Can High Blood Pressure Increase Risk of Dementia and Alzheimer's?

High Blood Pressure Has Been Correlated with Dementia Risk
Science Photo Library - IAN HOOTON. Brand X Pictures/ Getty Images

If you know someone with Alzheimer's disease or another kind of dementia, you likely have wondered what causes this disease to develop, and if there's anything you can do to prevent it.

One area that's been discussed and debated for years now is high blood pressure. But, does high or low blood pressure really make a difference, or is this one of those issues that just generally improves your health but hasn't actually been connected to the risk of dementia?

What the Research Says

High blood pressure has long been viewed as a risk factor for vascular dementia. More recently, multiple studies have implicated high blood pressure as a risk factor for dementia in general—not limiting the risk to vascular dementia. Here are summaries of four of those studies:

High blood pressure was associated with mild cognitive impairment.

One study included 918 participants that were assessed over an average period of 4.7 years. The researchers found that individuals with high blood pressure were more likely to develop mild cognitive impairment, a condition that often progresses to Alzheimer's disease. Interestingly, this study found that executive functioning impairment, one of the symptoms of mild cognitive impairment, was more likely than memory impairment, to develop with high blood pressure.

High blood pressure was related to the development of white matter lesions in the brain.

A second study of 1424 women who underwent MRIs found that those with blood pressures over 140/90 at the start of the study were associated with significantly higher amounts of white matter brain lesions eight years later. The white matter lesions were most commonly located in the frontal lobes of the brains, and are associated with a higher risk of stroke and dementia.

High blood pressure in mid-life correlated with brain changes and a higher risk of dementia later.

A third study found that high blood pressure in mid-life was related both to a higher risk of later life dementia and also correlated with changes in the amount of beta amyloid protein in the brain. The researchers found that those changes were present approximately 15 years before cognitive impairments developed, providing more evidence that prevention of dementia should be a focus long before old age.

Untreated high blood pressure was associated with brain changes typical to Alzheimer's disease.

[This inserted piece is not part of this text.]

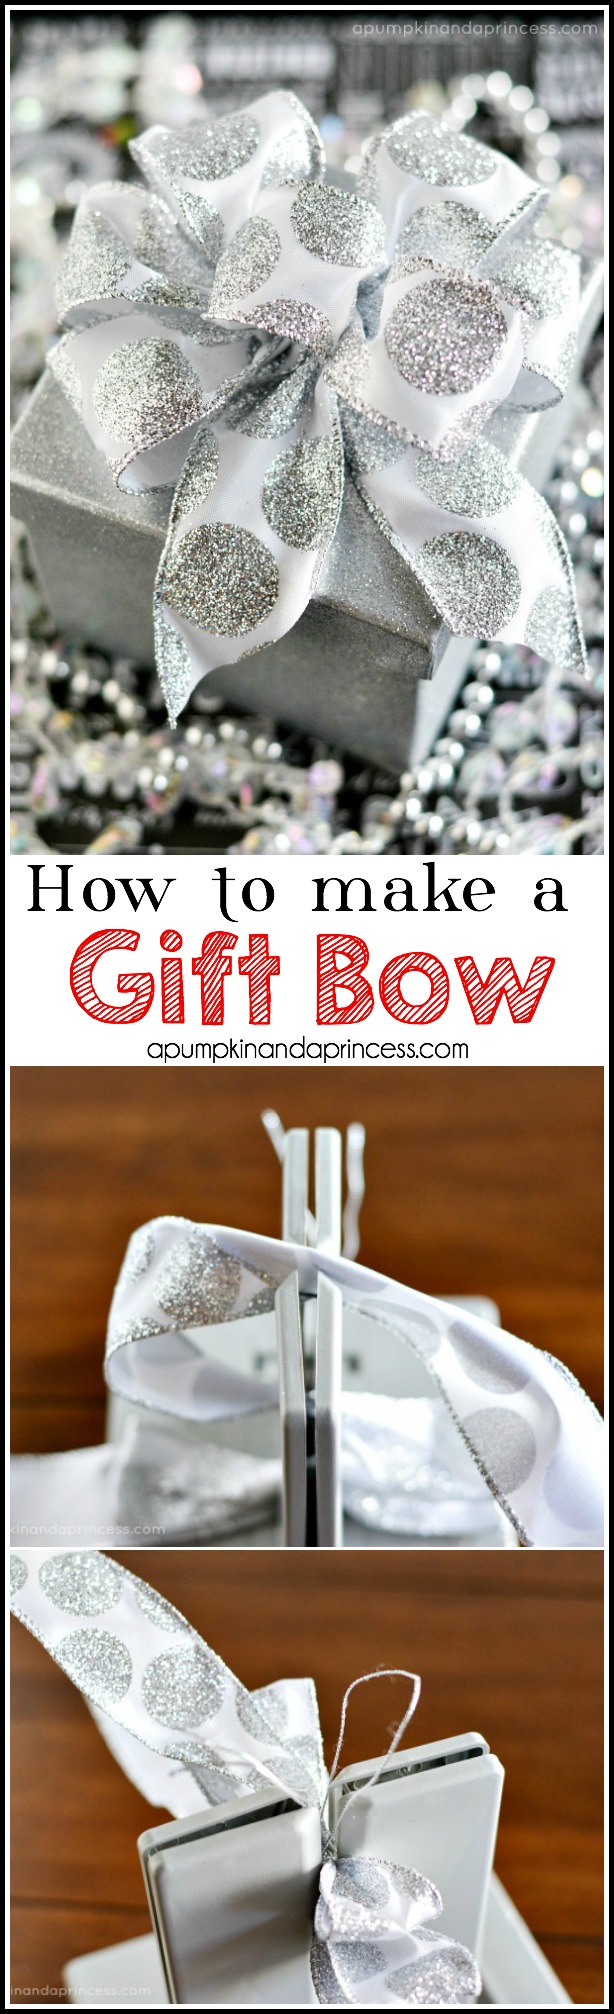 How to make a gift bow with a Bowdabra - A Pumpkin And A Princess

Finally, a fourth study found further evidence connecting blood pressure to cognition. This study used brain imaging to assess 118 cognitively intact participants ages 30-89 years. Researchers found that individuals with high blood pressure had accumulated more beta amyloid protein in their brains compared to those without high blood pressure, similar to the study above. (Accumulation of beta amyloid protein is one of the hallmarks of Alzheimer's disease.)

This study also distinguished between people who were being treated with medication to control their blood pressure and those who weren't. What they found is that the brains of people who were being treated for high blood pressure- not just those without high blood pressure- were protected from negative brain changes.

Is Lower Blood Pressure Always Better?

A couple of studies have been conducted to measure the rate of cognitive decline in people who have dementia, have lower blood pressure and are being treated with antihypertensive (blood pressure lowering) medications.The results showed that some people on these medications with a systolic blood pressure reading (the top number) of less than 128 experienced a faster cognitive decline than those whose blood pressure was higher.

This has called into question how and when antihypertensives are prescribed for adults over the age of 65, with some organizations recommending a separate set of guidelines for older adults who have a dementia diagnosis. More research needs to be conducted in this area, as it's possible that other factors are influencing these results.

Next Steps

Being aware of this information is helpful, but what's next? Here are three practical action steps to take:

  1. Know your risk. If you aren't familiar with your blood pressure reading, get it checked regularly.
  2. Ask. If your blood pressure is high, ask your doctor about treating it.
  3. Prevent. Prevention in the younger and middle years of life appears to be extremely important in reducing your risk of dementia in the later years. Physical exercise, mental activity and a healthy diet can make a difference in your current and future health and have all been associated with a decreased risk of developing dementia. It's never too late to begin a healthier lifestyle.